Based on the above results, the system we designed can efficiently overlay the trajectory on video frames to form a real-time augmented reality visualization, and this has great potential for more complex real-time realistic robot surgery teaching scene.
CONCLUSIONS AND FUTURE WORK
In this work, we give intelligence to AR by integrating an AI module as a path generation decision maker. The AI module is harnessed using reinforcement learning to learn policy-based operations and dynamically create the route based on the user’s task.
To provide immersive visualization and facilitate intuitive learning, the route plan is photographed and then overlaid on 3D video, helping the trainee visualize the smart instructions in augmented reality.
A simple and efficient calibration process is also designed with human-computer interaction to achieve coordinate calibration through the user interface.
We experimented with surgical training in a spike transfer task, demonstrating the feasibility and potential of using AI-powered augmented reality in robotic surgery education.
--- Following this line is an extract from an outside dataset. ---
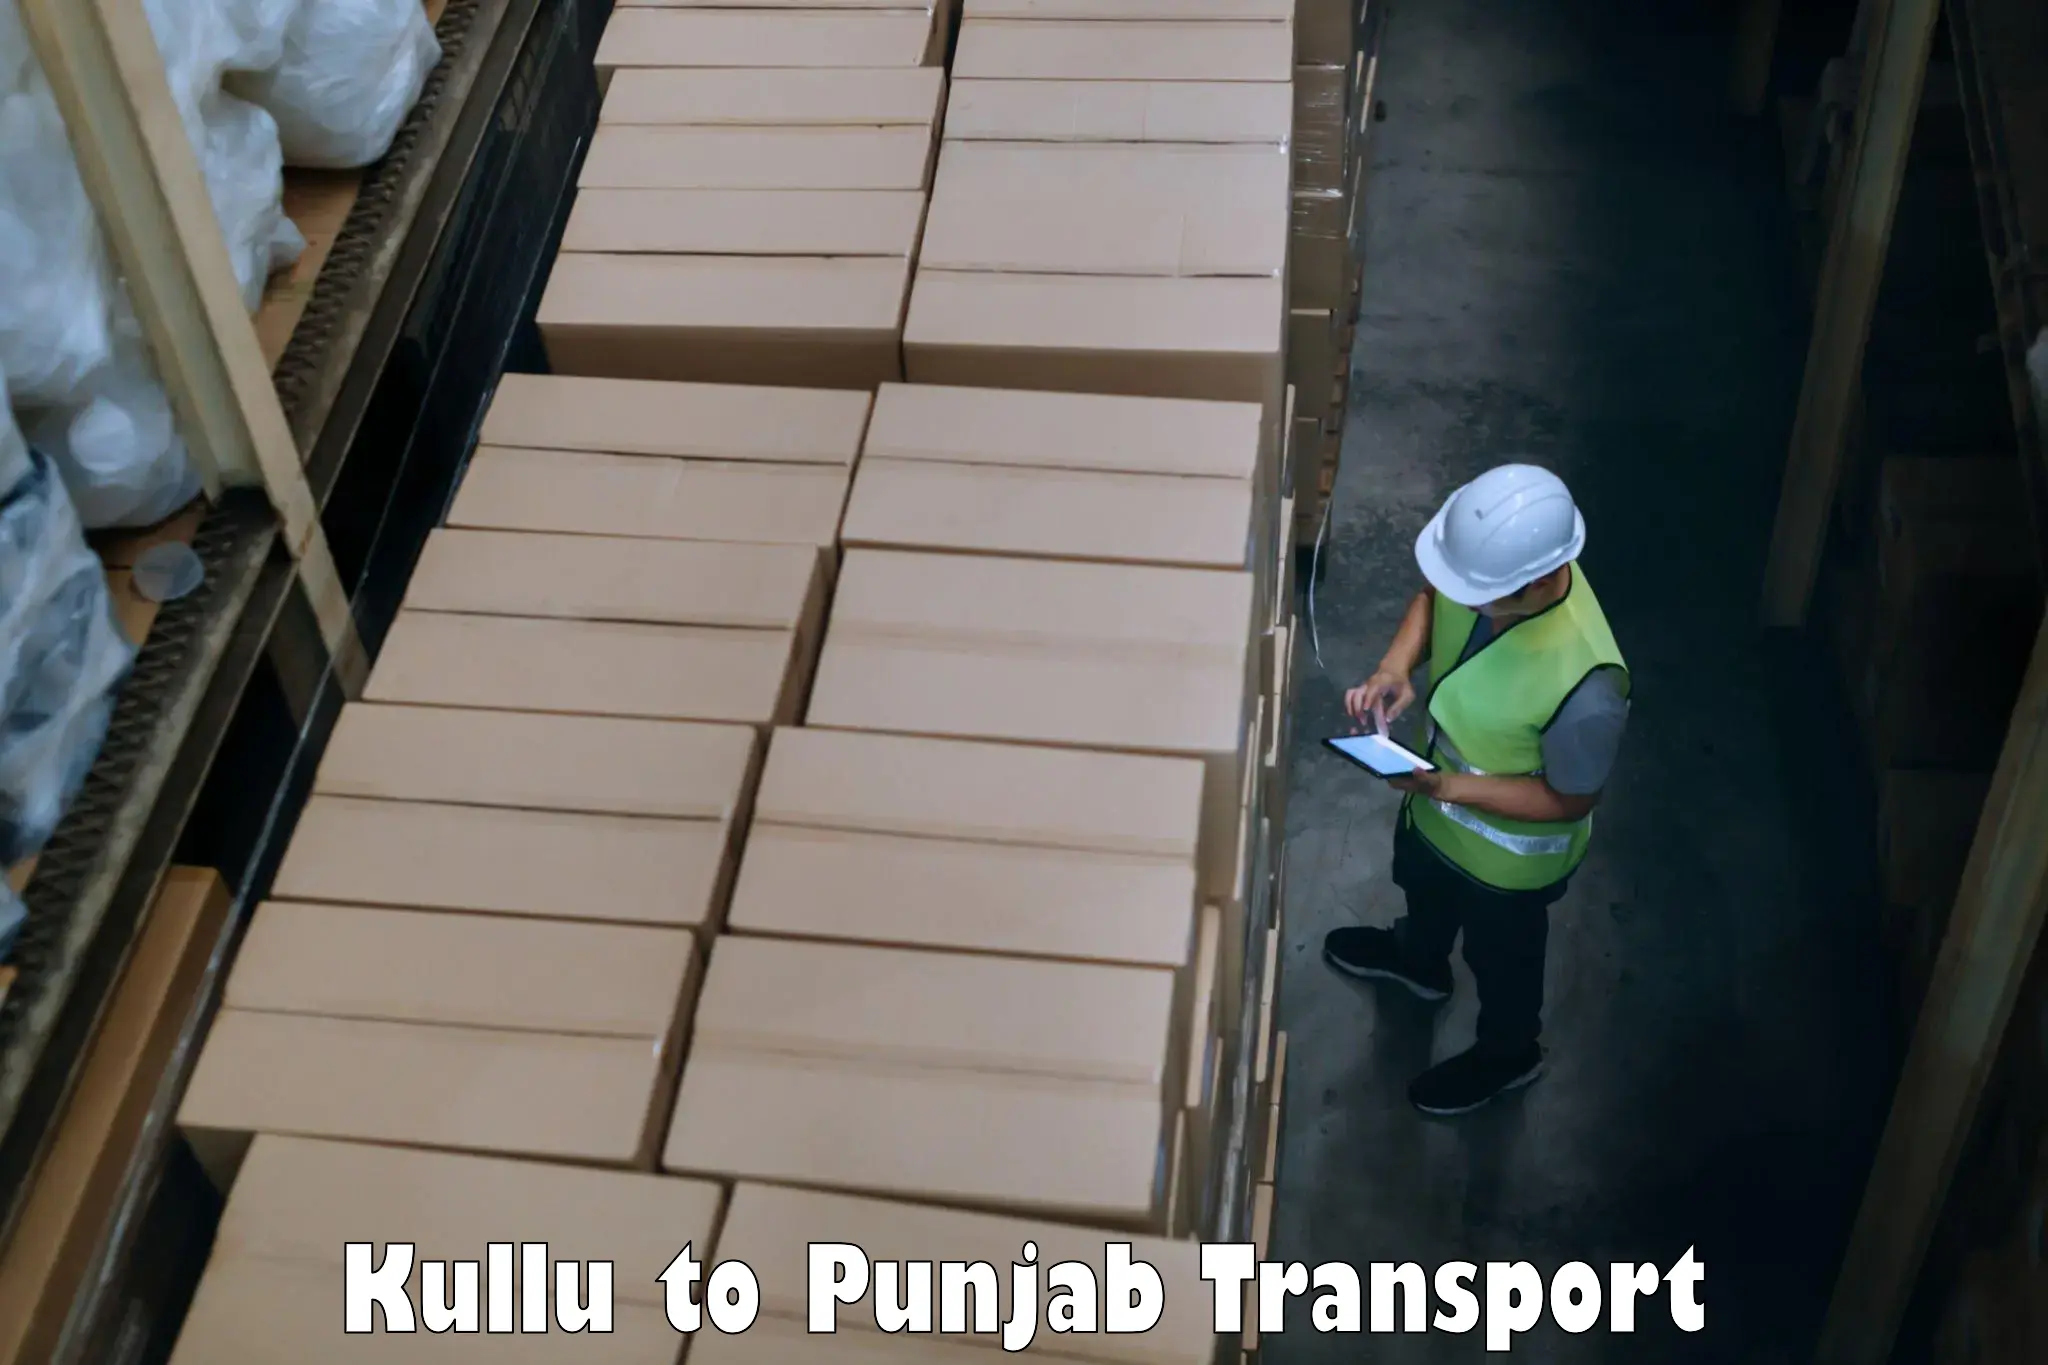 Cycle transportation service Kullu to Phillaur

In our future work, we will explore in more detail how to design and integrate additional AI and AR modules into the system, such as virtual instrument guidance, overlay of surgical workflow recognition results and instrument separation.
Moreover, we will integrate network communication to realize remote surgery education. Methods can also be included to measure the surgeon’s performance against an established “expert” pathway and conduct a user study to evaluate the effectiveness of the proposed system.